-- Supplied records follows --
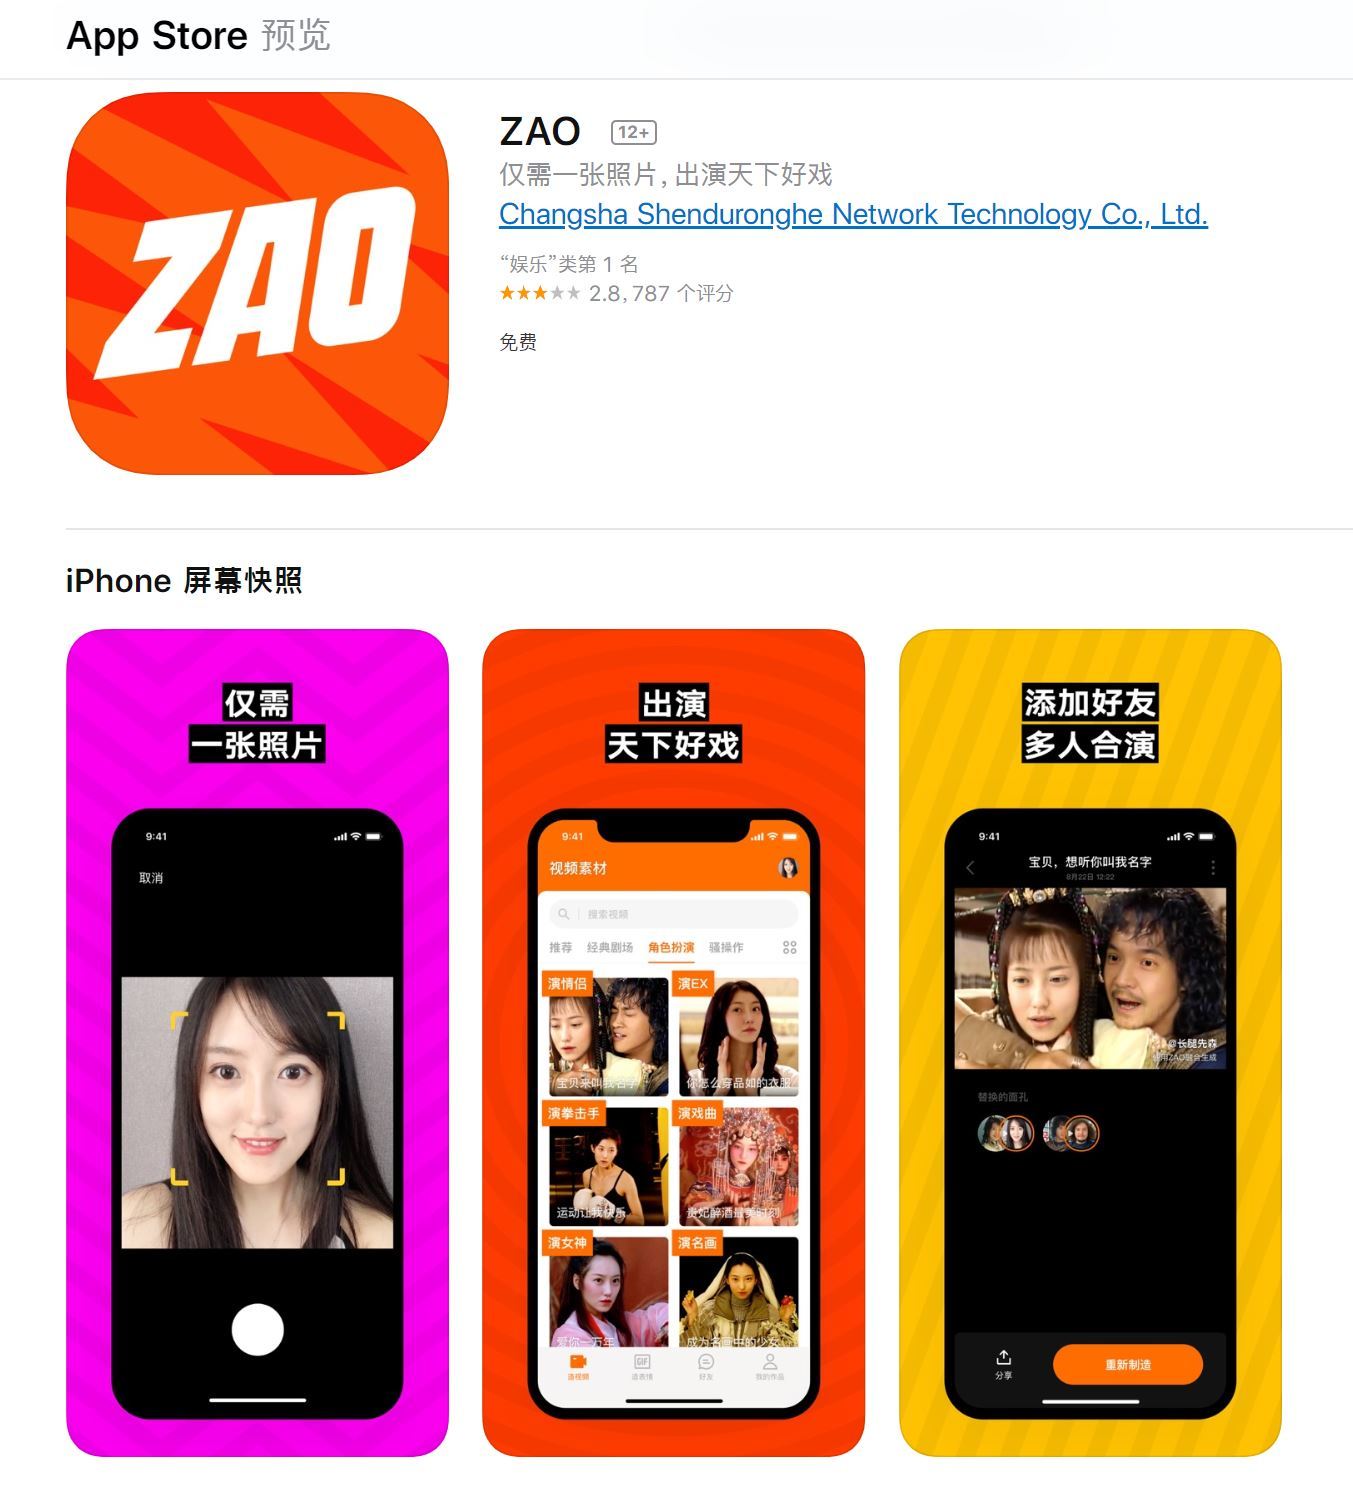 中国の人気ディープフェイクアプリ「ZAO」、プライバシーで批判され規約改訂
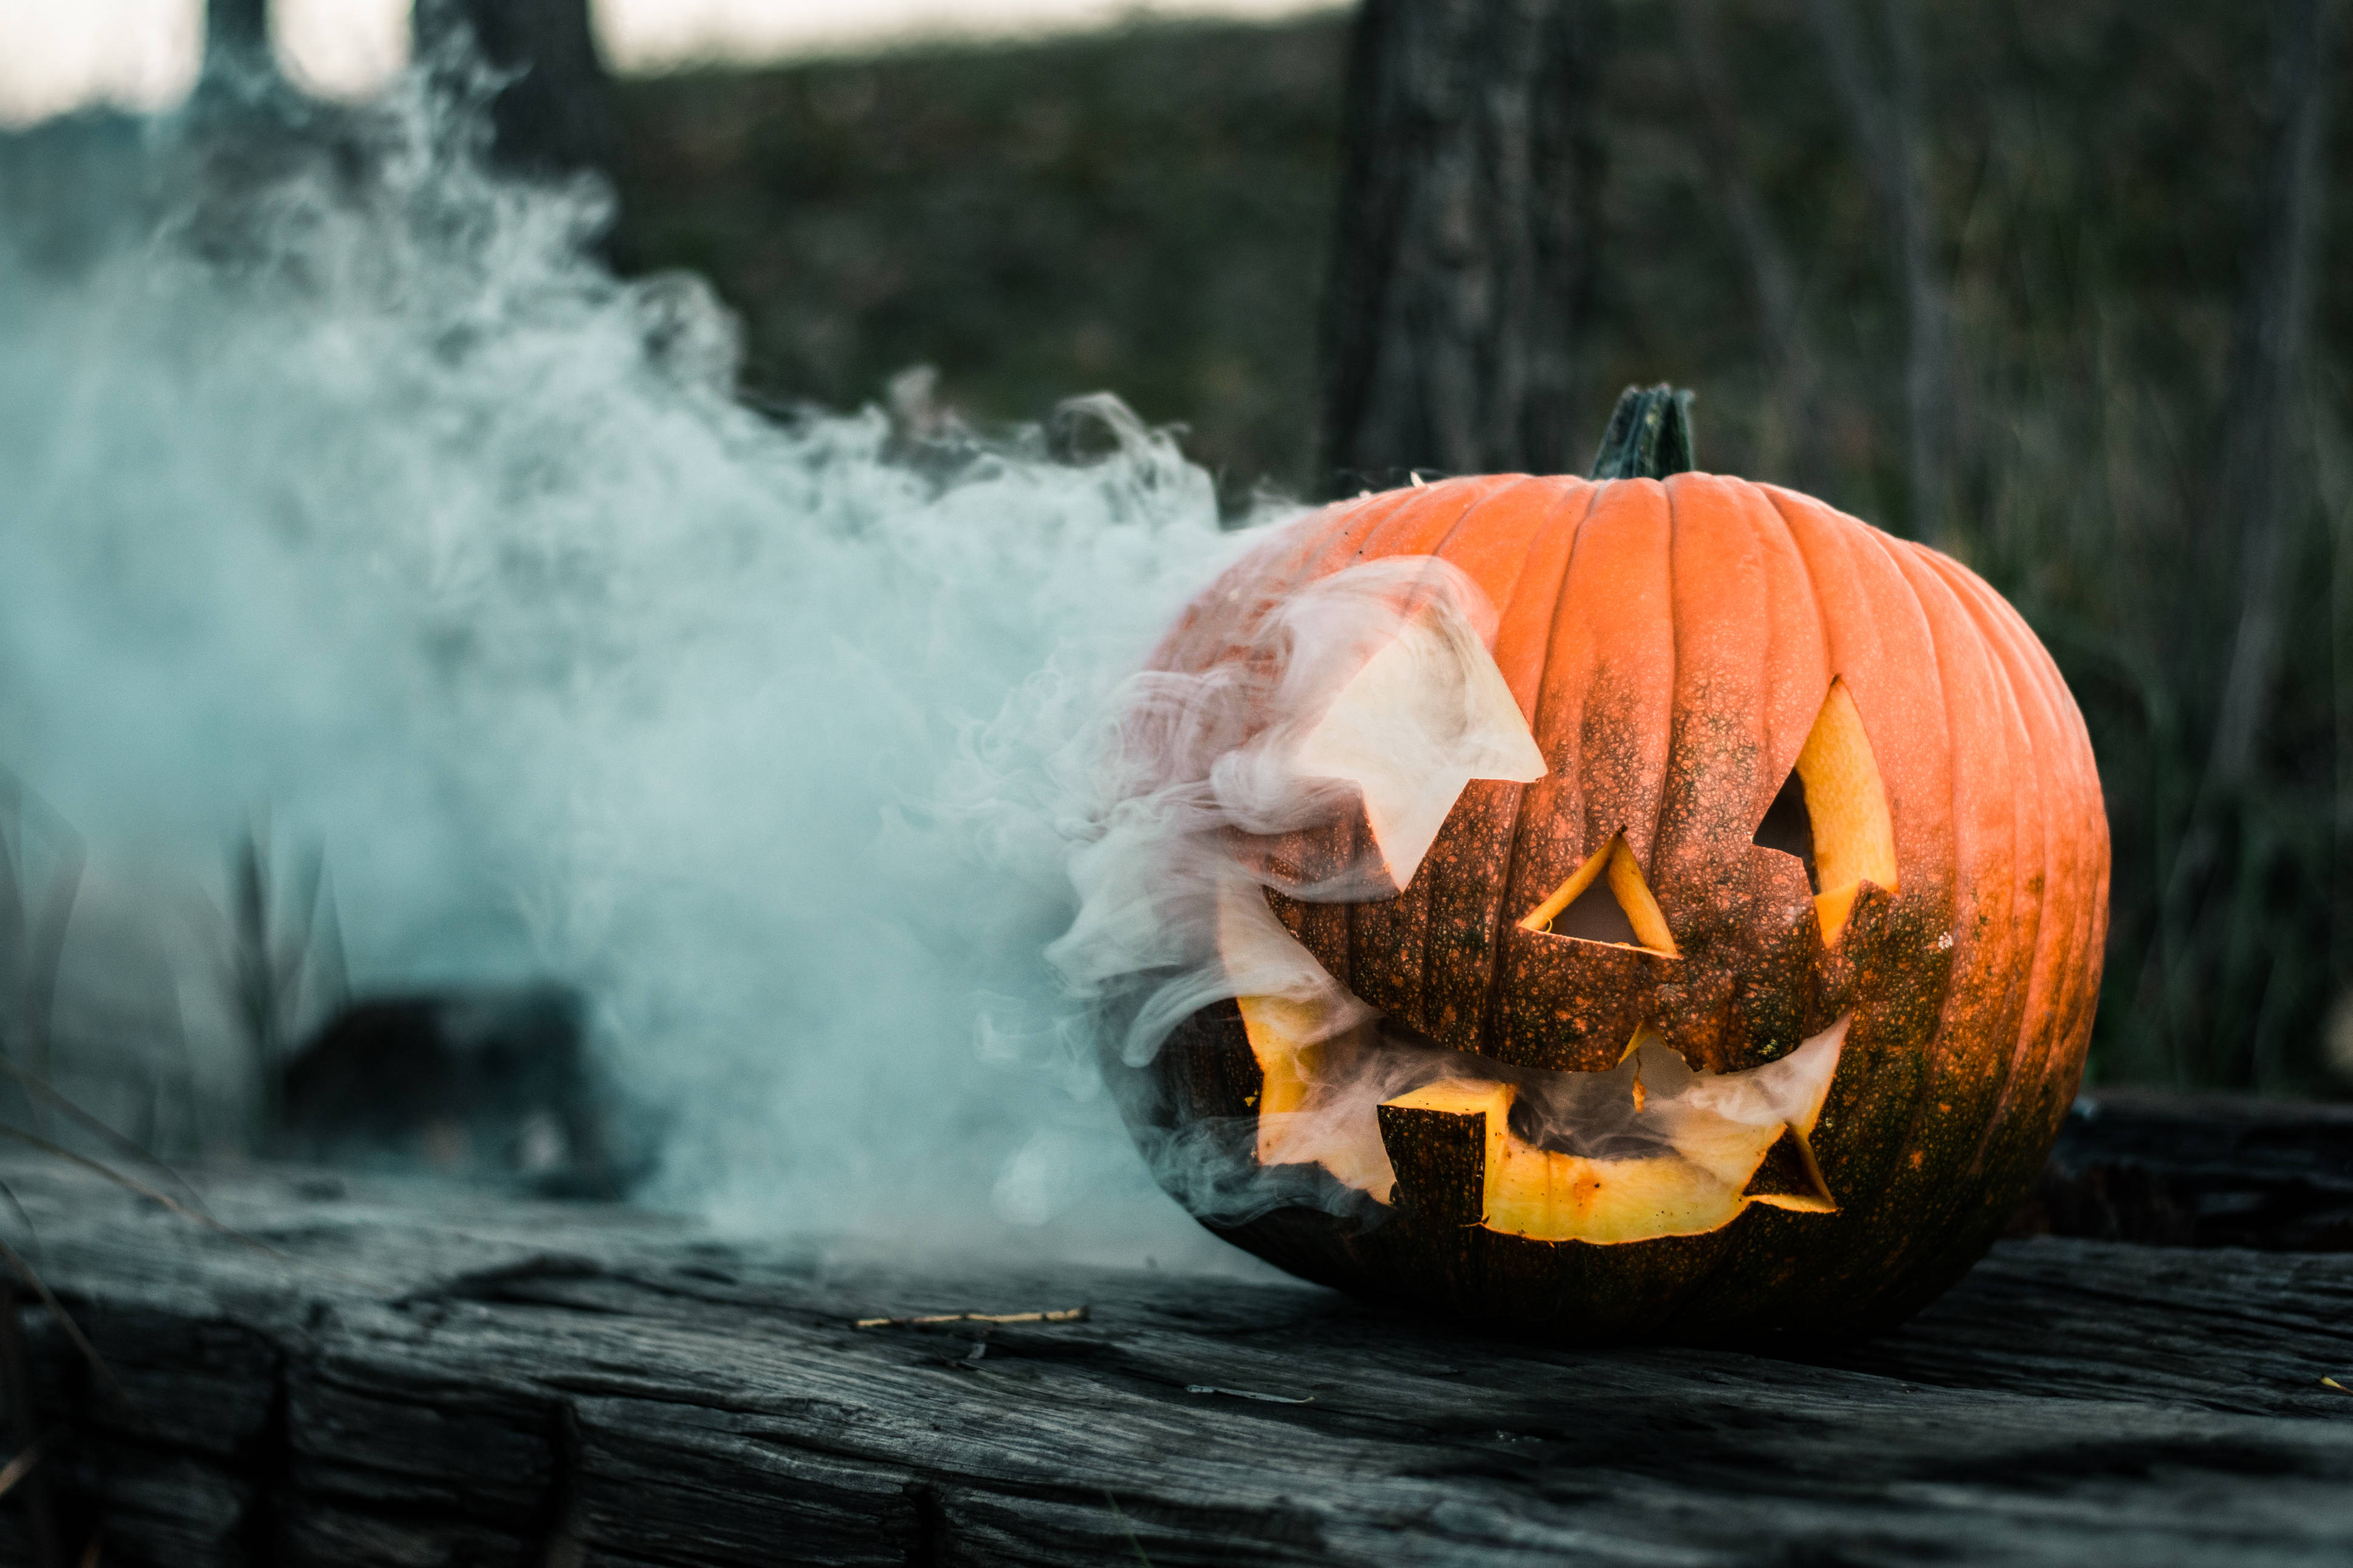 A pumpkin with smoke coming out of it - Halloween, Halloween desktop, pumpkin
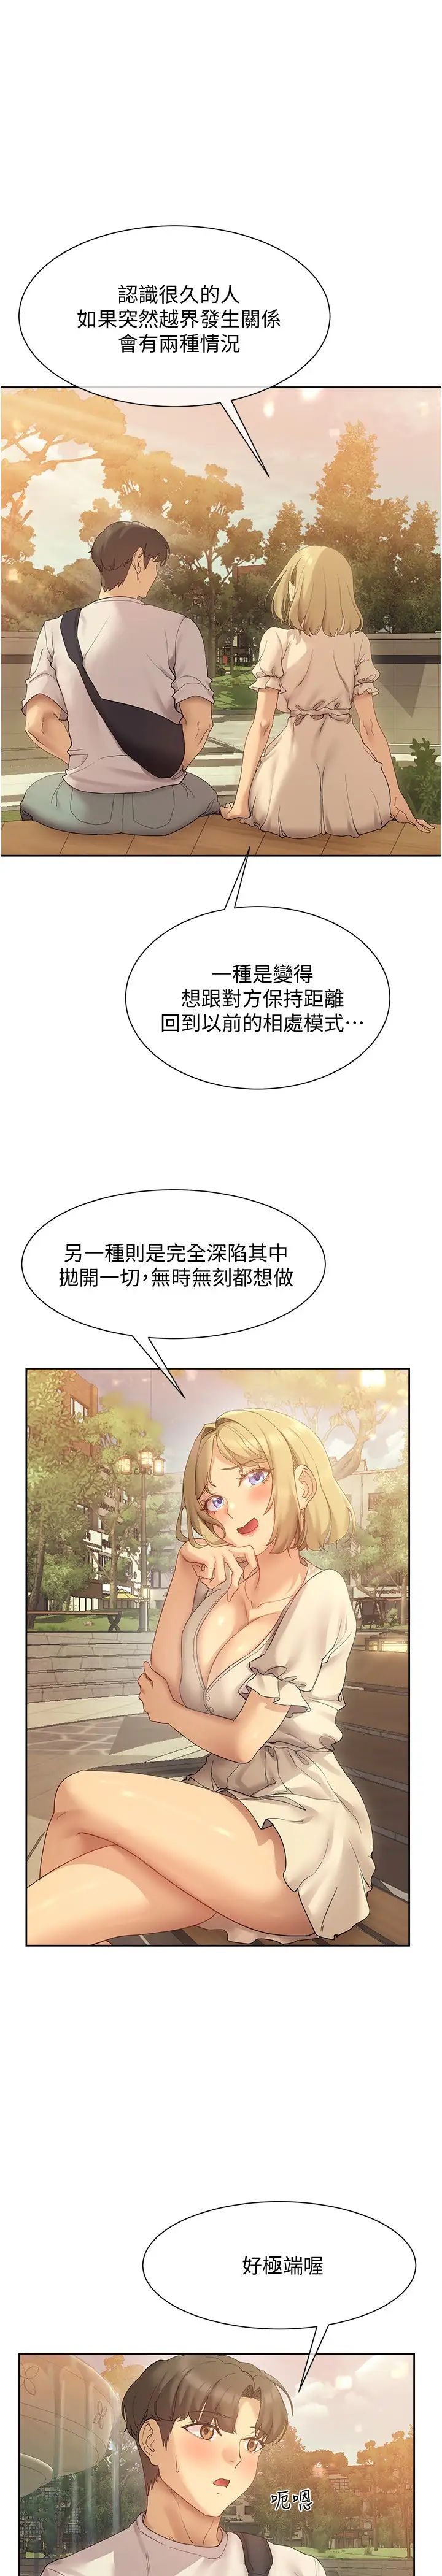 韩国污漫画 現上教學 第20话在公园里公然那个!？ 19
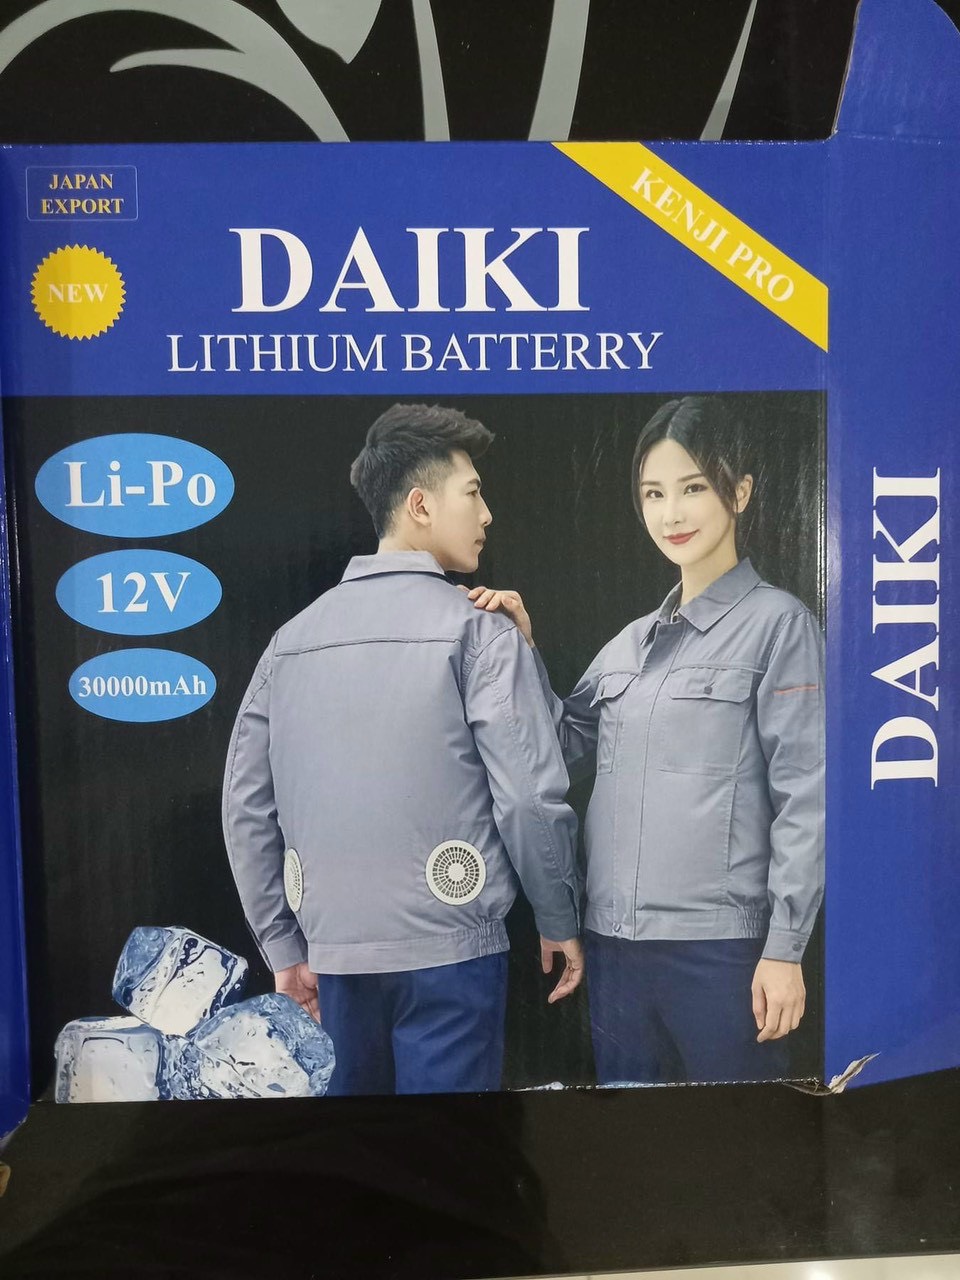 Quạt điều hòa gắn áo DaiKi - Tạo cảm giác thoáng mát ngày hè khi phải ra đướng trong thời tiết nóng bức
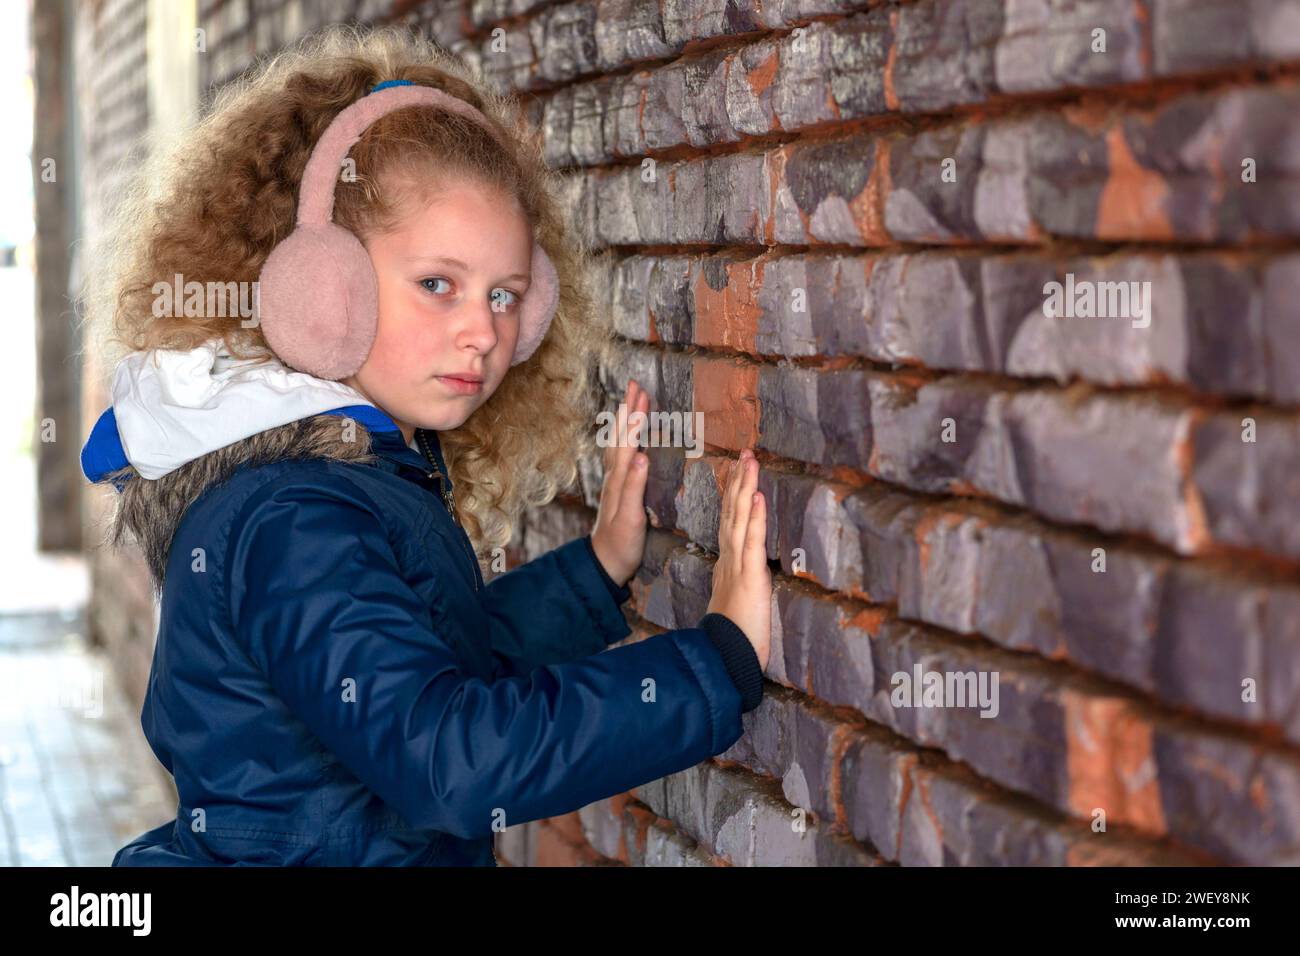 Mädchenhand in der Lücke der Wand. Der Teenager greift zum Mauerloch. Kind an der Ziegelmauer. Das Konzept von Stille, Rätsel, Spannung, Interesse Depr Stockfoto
-- Supplied records concluded --
What is expected: What is needed is an exact copy of every line from the one with "韩国污漫画 現上教學 第20话在公园里公然那个!？ 19" to the end of the listing above, with the pictures left out.

Output below:
 韩国污漫画 現上教學 第20话在公园里公然那个!？ 19
 Quạt điều hòa gắn áo DaiKi - Tạo cảm giác thoáng mát ngày hè khi phải ra đướng trong thời tiết nóng bức
 Mädchenhand in der Lücke der Wand. Der Teenager greift zum Mauerloch. Kind an der Ziegelmauer. Das Konzept von Stille, Rätsel, Spannung, Interesse Depr Stockfoto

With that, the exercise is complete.